L'homme est lié à l'espace et au temps. Un riche ou un prince souffre moins de cette dépendance qu'un pauvre; l'oeuvre d'un génie se joue encore mieux de ces barrières, par l'influence qu'elle exerce au loin et sur les générations futures; la passion ou le vouloir peuvent projeter momentanément un être au delà de sa prison de matière, ainsi qu'on le voit dans la télépathie; certains adeptes ont pu dominer les lois naturelles jusqu'à étendre à plusieurs siècles les limites de leur existence physique; ils ont eu tort d'ailleurs. Mais aucun de ces accidents n'est comparable à la résurrection de l'Évangile.

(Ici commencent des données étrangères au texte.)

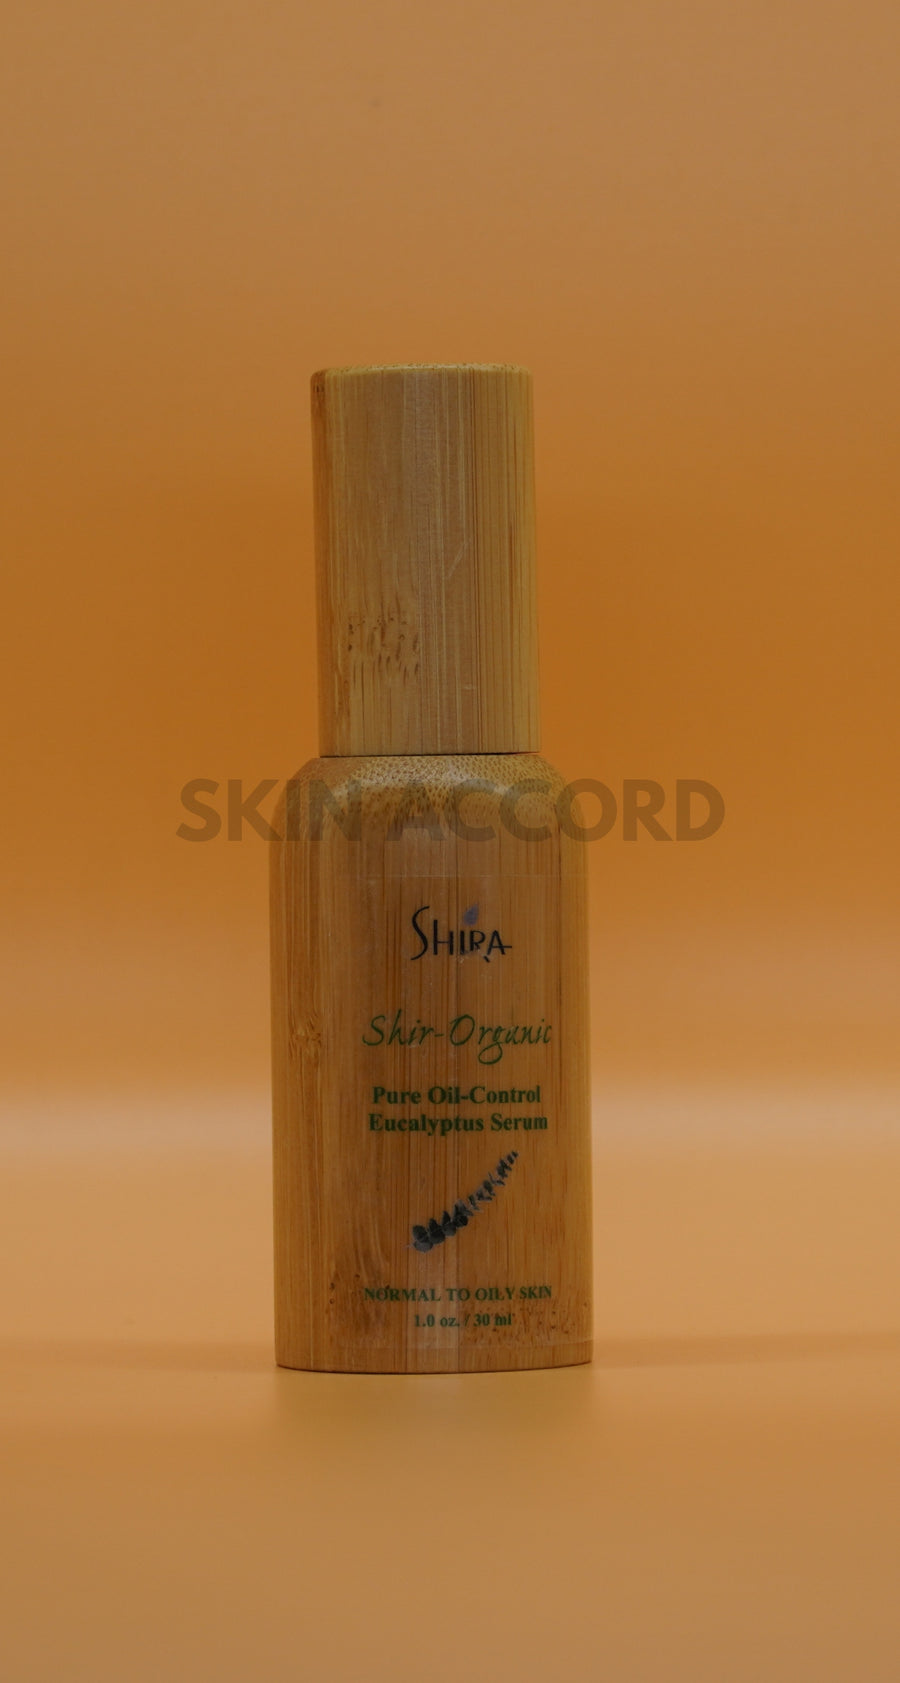 Shir-Organic Pure Eucalyptus Serum ( Normal to Oily)

Chaque fois qu'un homme fait le bien dans les conditions prescrites par le Ciel, c'est-à-dire dans l'humilité et l'anonymat, les cellules qui ont servi à cet acte sont exaltées jusqu'à son âme, dont elles augmentent la réserve de Lumière. Ce trésor s'accroît d'existence en existence et, quand le travail de cet homme touche à sa fin, toute la matière, physique et fluidique, ainsi purifiée, lui est acquise, et il peut s'en servir, par le secret que le Ciel lui donne alors, pour se constituer instantanément, ici ou là, tel corps dont il a besoin.

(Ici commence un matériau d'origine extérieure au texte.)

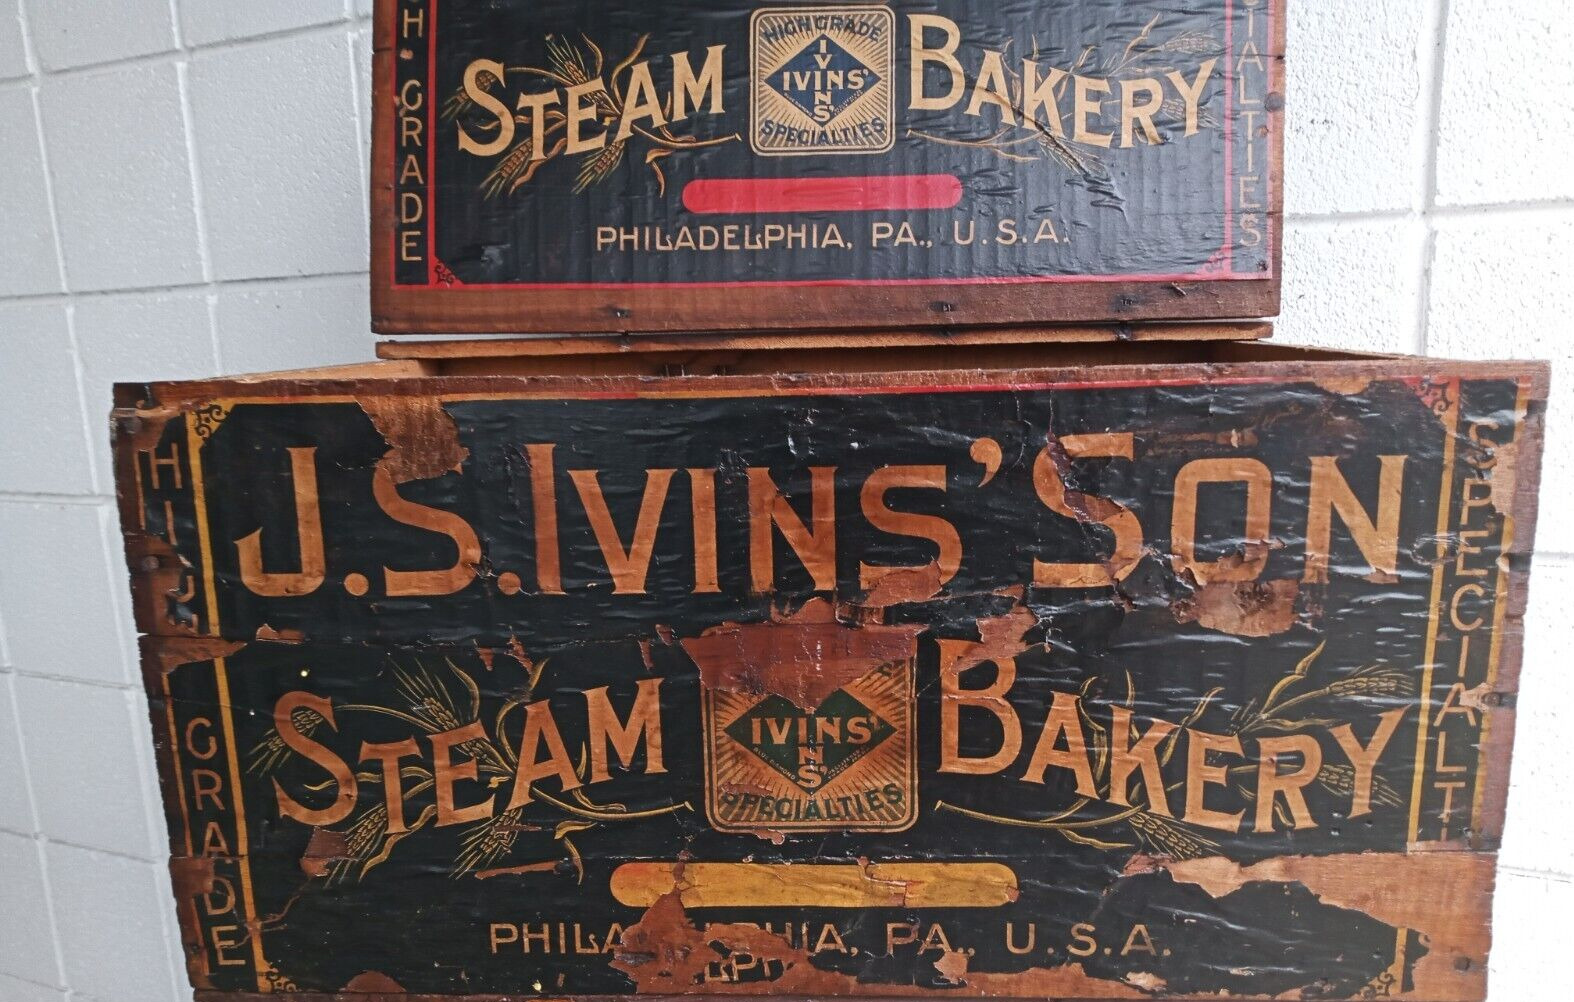 J.s Ivins Bakery Steam Bakery Advertising Box Hinge Lid Wood Crate Clean Storage

Ce corps n'est plus soumis à aucune condition de relativité, sauf quand son possesseur le juge utile; et ainsi se réalise la promesse du Fils, comme couronnement d'une longue suite d'existences vivifiées par la foi.
Mais, pour comprendre ces choses, élevez-vous au-dessus du mental, au-dessus des philosophies et des ésotérismes. L'oeuvre du Christ est d'ouvrir une route directe entre les hommes et le Père; tout au moins faut-il que nous consentions à nous y engager. L'inconnu n'est pas effrayant; la foi s'exerce dans la lutte matérielle, dans l'épuration morale, dans l'élan intellectuel; ne nous attachons pas aux vieux habits, aux vieilles opinions, aux vieilles idées; ne les méprisons pas non plus; ce sont des serviteurs caducs; mais ce furent des serviteurs précieux. Tout en nous bouge, et grouille et vit; tout en nous est provisoire; tout y est en marche.
Si, en travaillant avec nos muscles, avec notre pensée, avec notre coeur, de toute notre énergie, nous conservons conscience que, par nous-mêmes, nous n'obtiendrons que de minces résultats, il nous sera moins difficile, quand nous serons à bout de souffle, de nous plonger dans la nuit maternelle et régénératrice de la Foi, au sein de laquelle retentit la parole du Père.
Car cette parole est la vie, toujours neuve, inépuisable, infatigable; ce Verbe est ce Fils même, ce Jésus qui, sous l'un ou l'autre de Ses aspects, Se porte garant de la véracité de Celui qui L'envoie.